Она рассмеялась, не считая нужным притворяться. Выросла она при французском королевском дворе. Она обладала всеми привлекательными качествами придворных этого двора и научилась быть практичной.
— Я очень бедна, — сказала она.
— Я слышал, что вы унаследовали все состояние своего дяди.
— Это так и было, — ответила Гортензия. — Арман, мой муж, быстро добрался до него и промотал.
— Как! Все?
— Все. Но какое это имеет значение? Я удрала.
— Мы наслышаны о ваших приключениях, Гортензия. Я удивляюсь, что вы не навестили меня раньше.

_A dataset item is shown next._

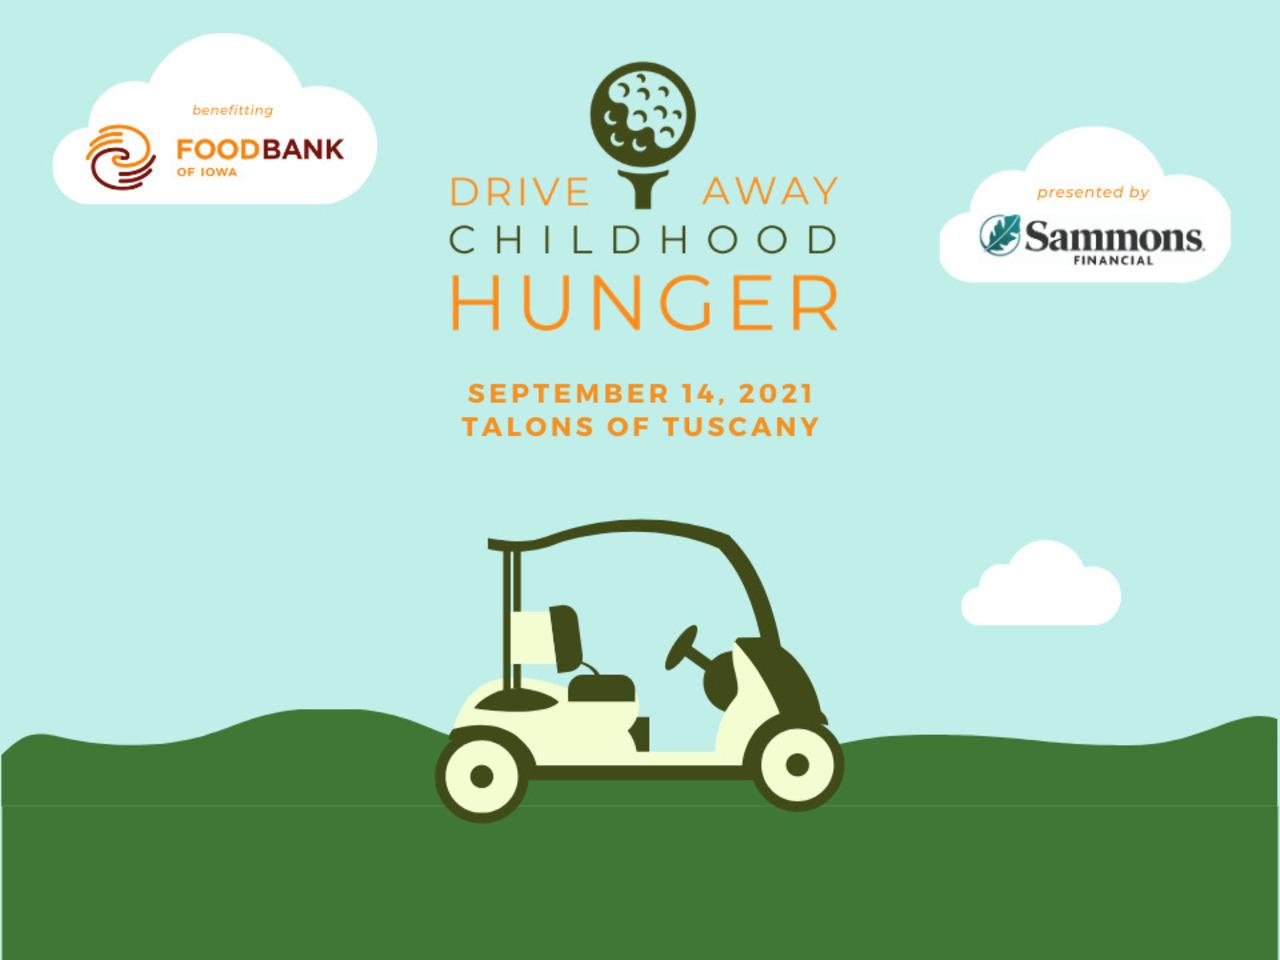 Drive Away Childhood Hunger 2021
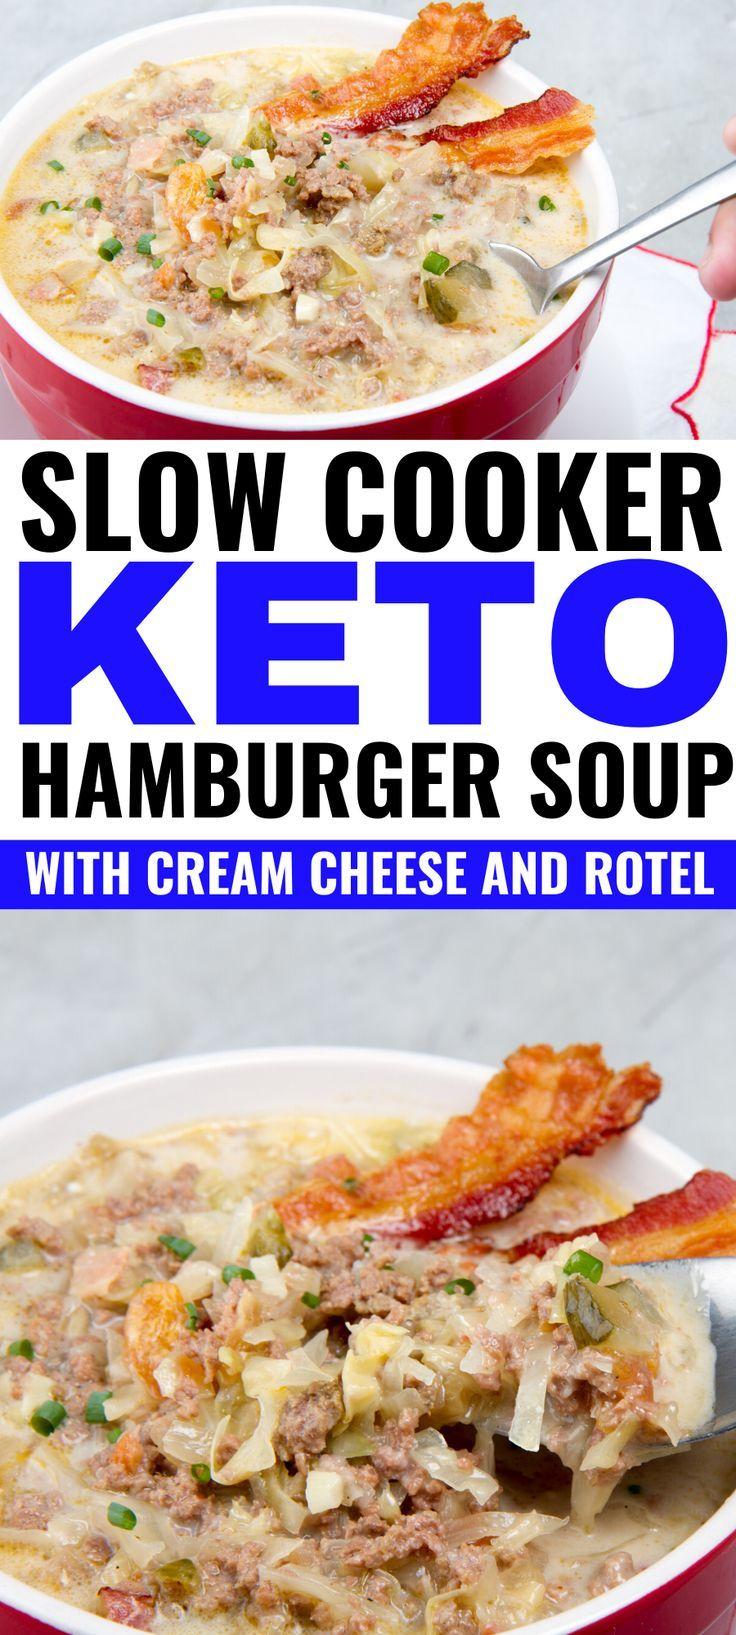 Slow Cooker Keto Hamburger Soup With Cream Cheese And Rotel Recipe Hamburger Soup

— Довольно и того, что я теперь приехала. Карл быстро соображал. Она будет просить пенсию, и, если получит достаточно большую, то переедет в Уайтхоллский дворец. Ему надо быстро увидеться с Данби и устроить все это. Но сейчас все эти дела он с ней обсуждать не будет. Она итальянка по происхождению, воспитывалась во Франции, и поэтому, какой бы томной она ни казалась, она знает, как соблюсти свою выгоду.
Не то чтобы он был не склонен обсуждать денежные вопросы с женщиной, но он боялся, что она потребует слишком много и он не найдет в себе сил отказать ей.
Он ограничился созерцанием этой несравненной красоты и мыслями о том, что в скором времени она будет принадлежать ему.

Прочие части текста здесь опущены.